Landecker, H. (2024). Life as Aftermath: Social Theory for an Age of Anthropogenic Biology. Science, Technology, & Human Values0(0). https://doi.org/10.1177/01622439241233946

Excerpt:

Anthropogenic pressures now shape the development, interrelations, and evolution of microbes, plants, animals, and humans. In an age of oxidative stress and failures of DNA repair, cytokine storms and microbial dysbiosis, social scientific theory stutters in the face of biological consequences of forces it masterfully detailed, from biopower to looping kinds. Concepts of the fallibility of knowledge from the unanticipated consequence to the wicked problem are too generic to fathom the nature of the living within reconfigured biotic-abiotic relations in the aftermath of industrialization.
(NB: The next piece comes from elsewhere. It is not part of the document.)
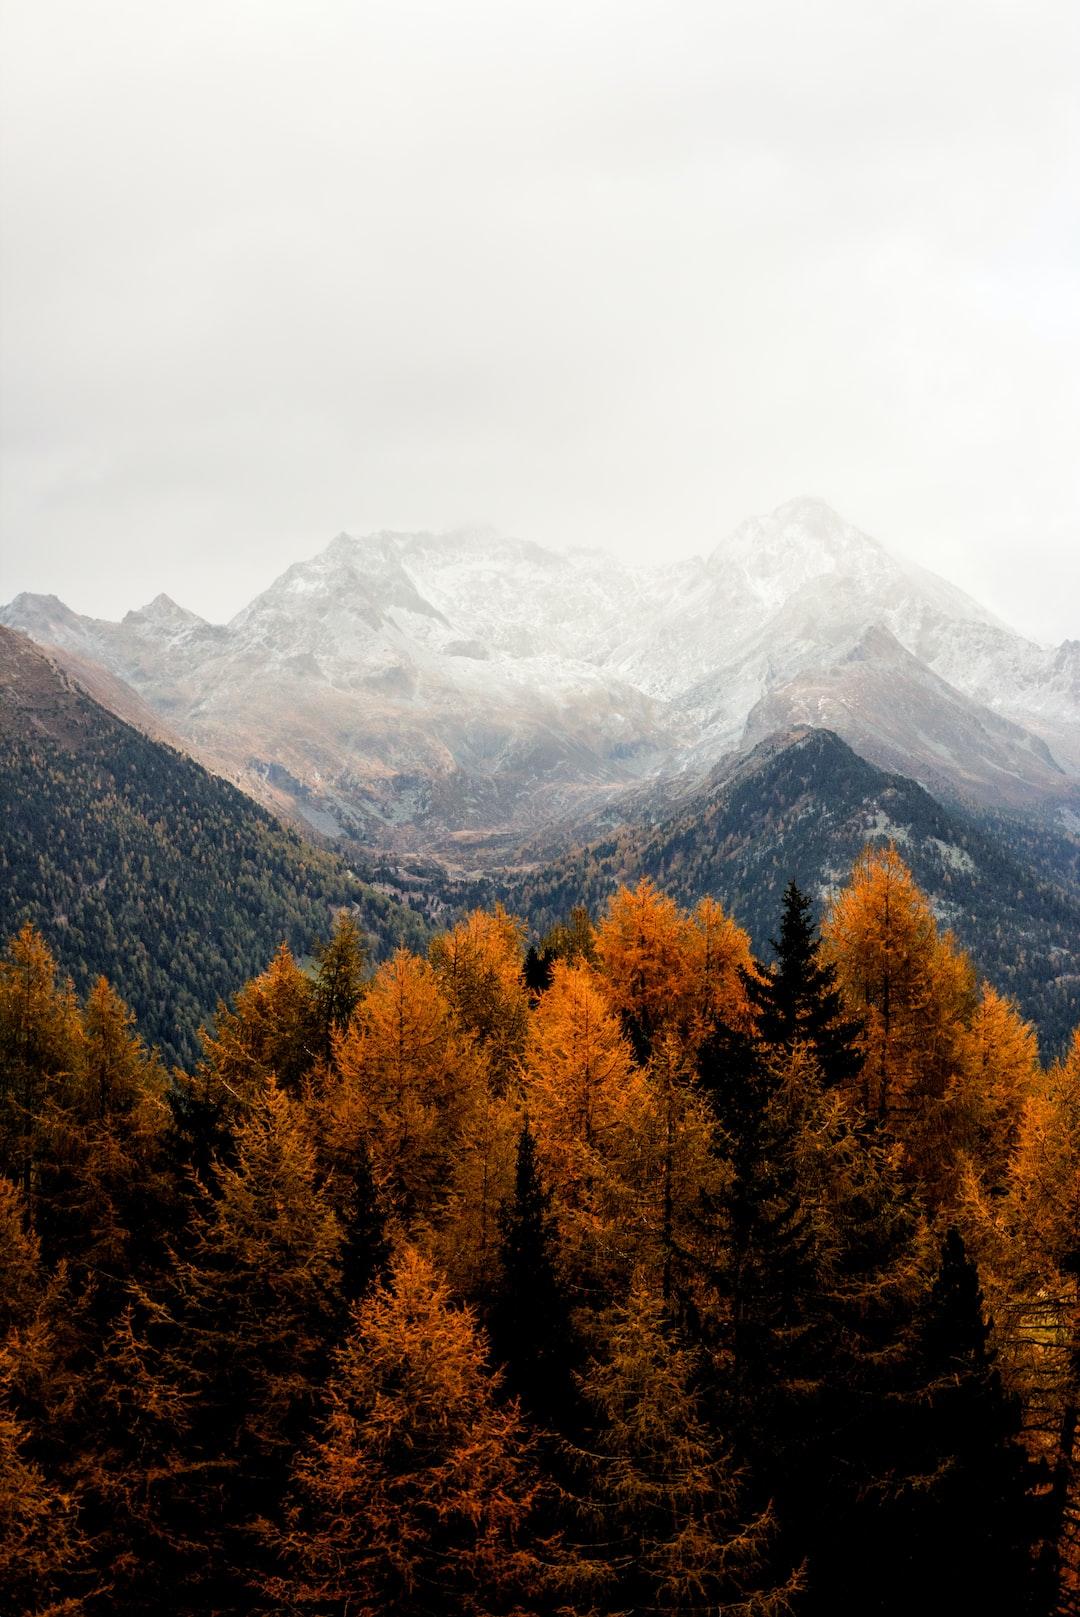 foto de Autumn Wallpapers: Free HD Download [500+ HQ]   Unsplash

Working through examples—genetic modification in weed control, and solvents in cryobiology—this paper offers a novel analytic for anthropogenic biology specific to the relations between knowledge and life in the wake of the industrial twentieth century: a novel patterning of living matter and process from the molecular to the ecological arising with forms of biological control. Changes in pathogens and hosts, targets and bystanders are specific to the form of control but not anticipated by it, illegible within its originating logics. Hubris gone moldy, anthropogenic biology grows from forms of power that overestimate the comprehensiveness of their own efficacy, mistaking the ability to temporarily control living things for full knowledge of them.